Data block —

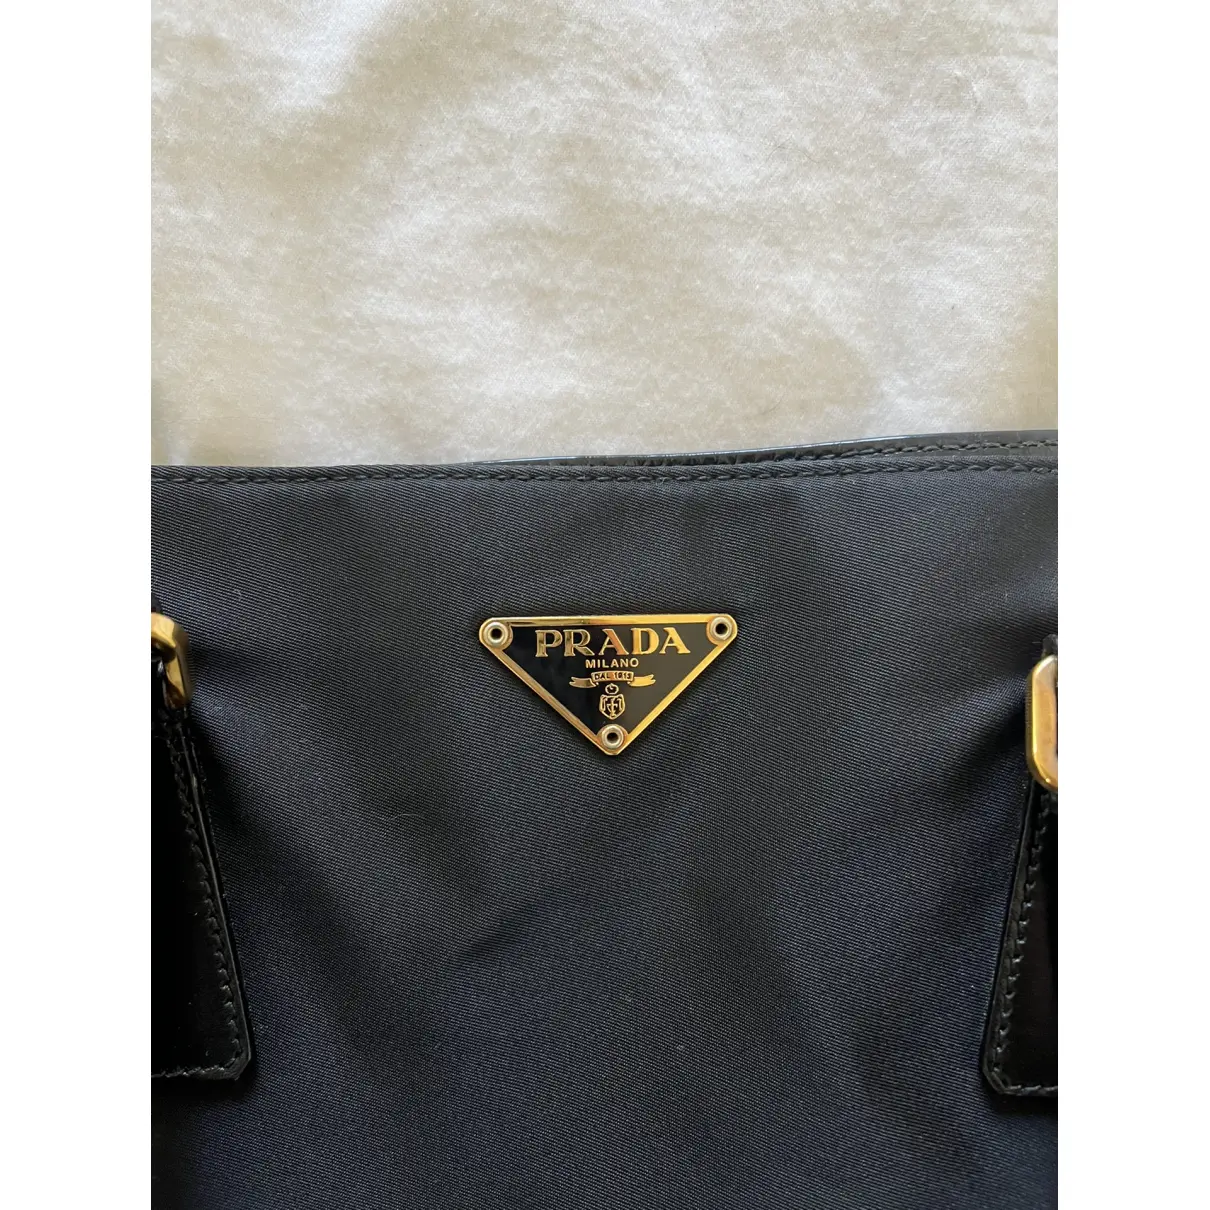 Buy Prada Cloth handbag online
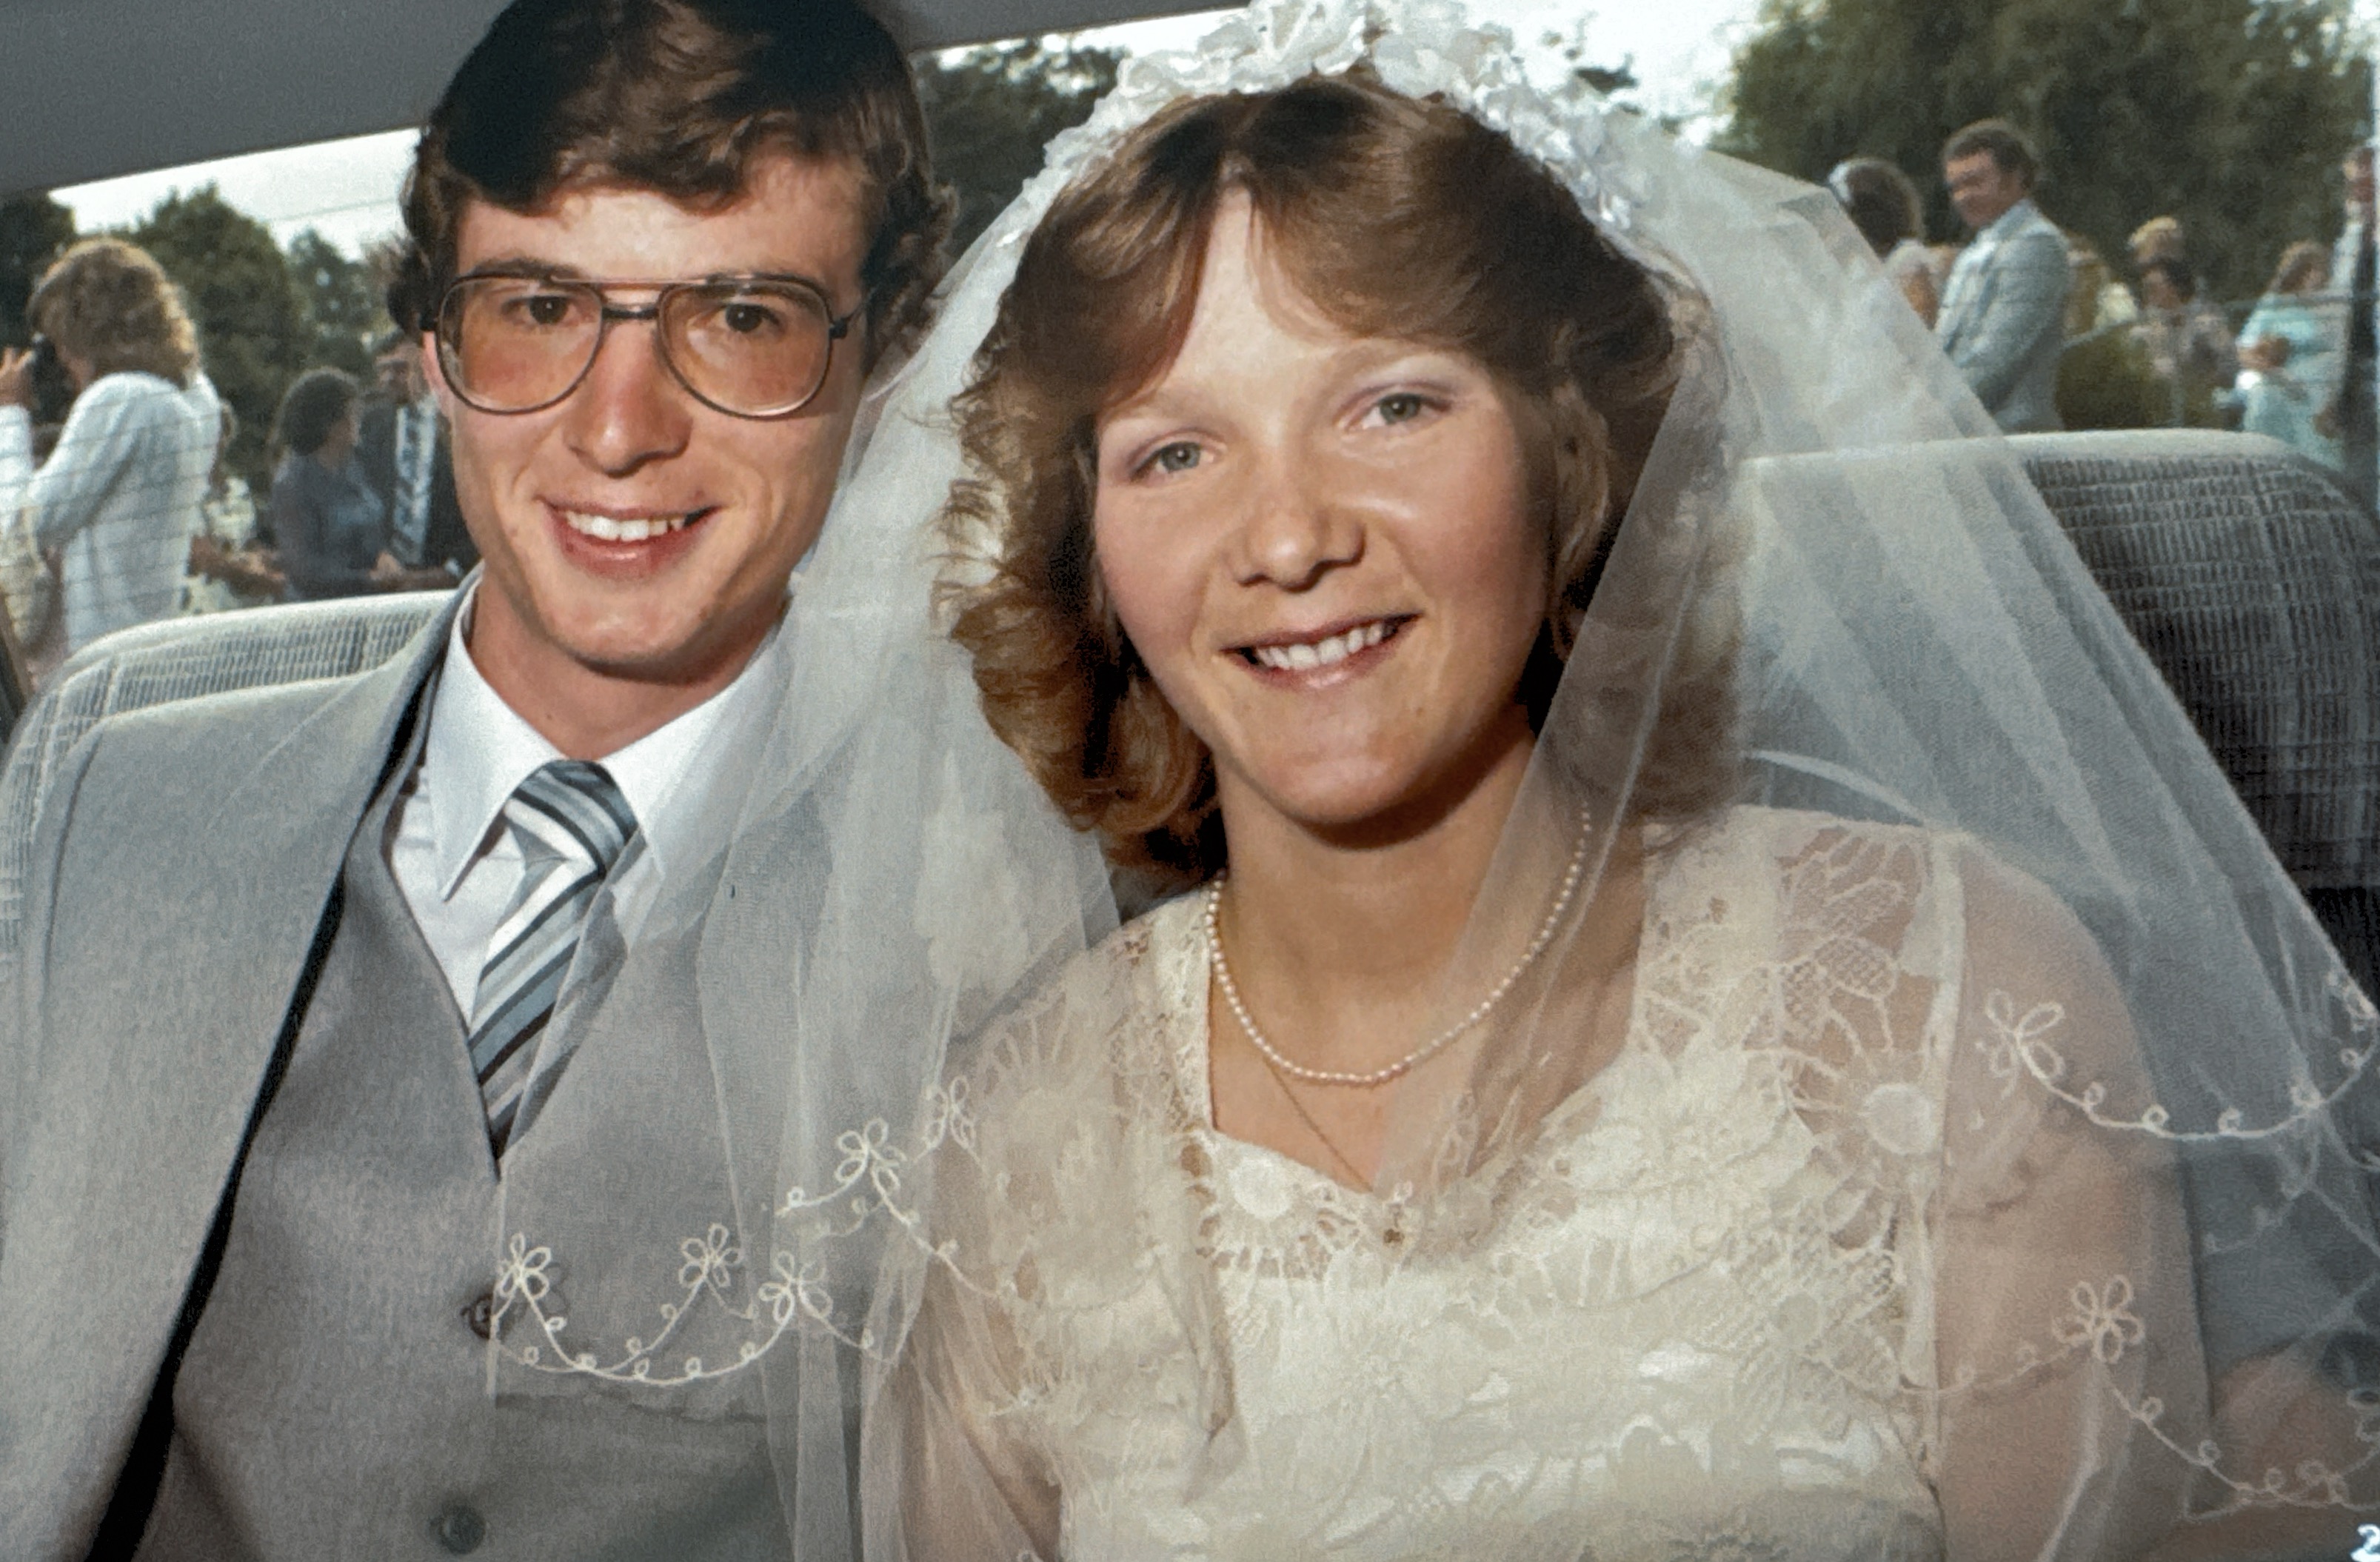 Wedding Day 7 th January 1984
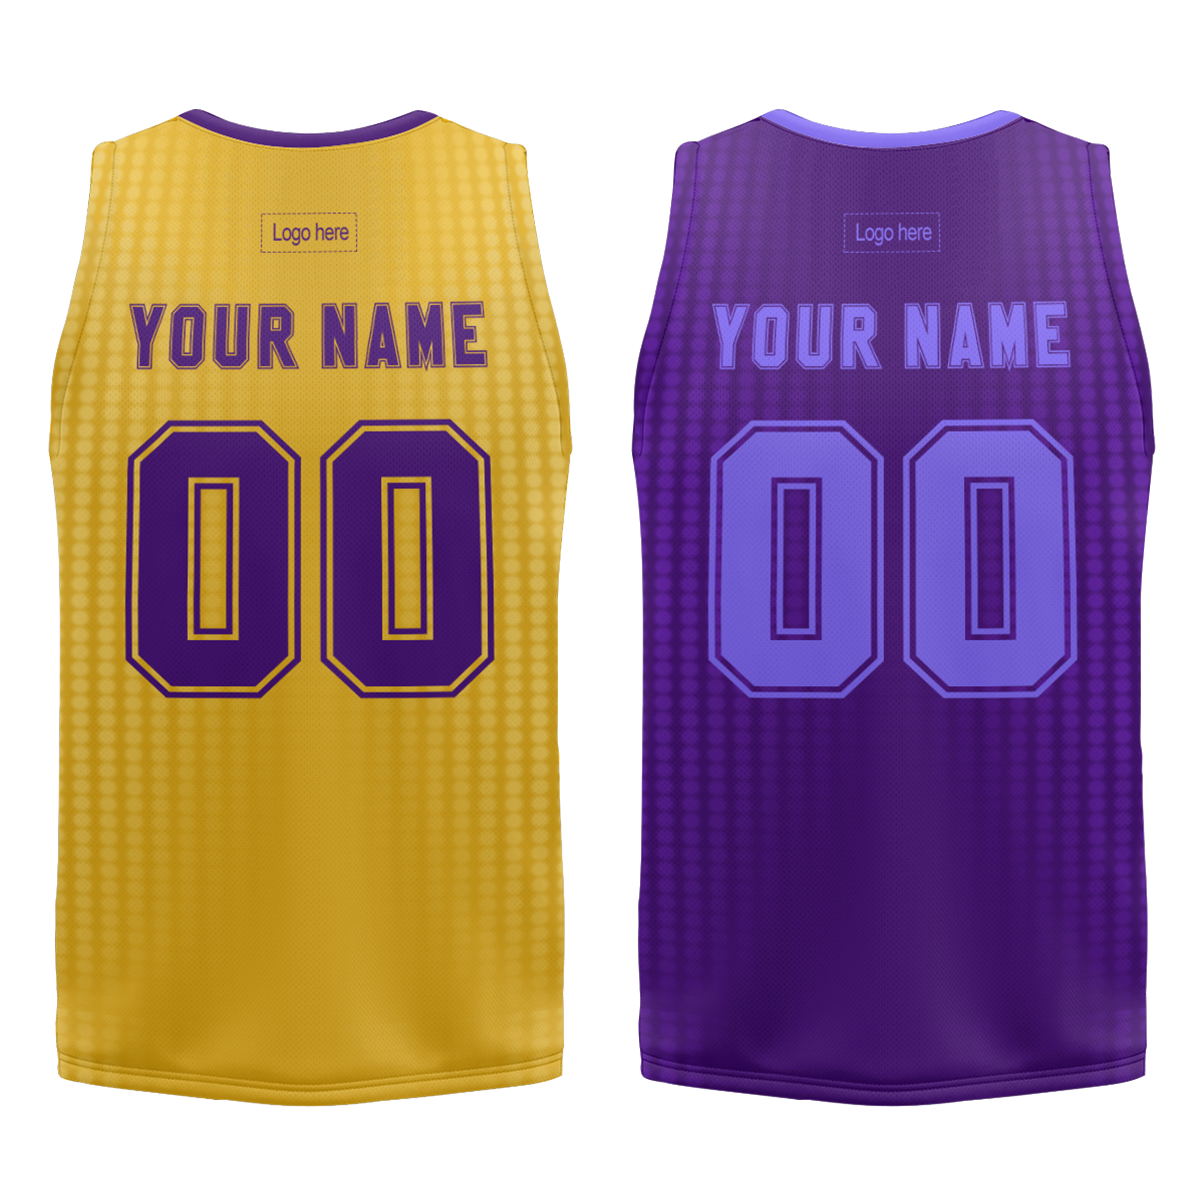 oem-service-custom-cool-design-new-style-basketball-jerseys-quick-dry-basketball-uniforms-at-cj-pod-6

Task objective — Repeat the data exactly, without the pictures.

Completed task —
 Buy Prada Cloth handbag online
 Wedding Day 7 th January 1984
 oem-service-custom-cool-design-new-style-basketball-jerseys-quick-dry-basketball-uniforms-at-cj-pod-6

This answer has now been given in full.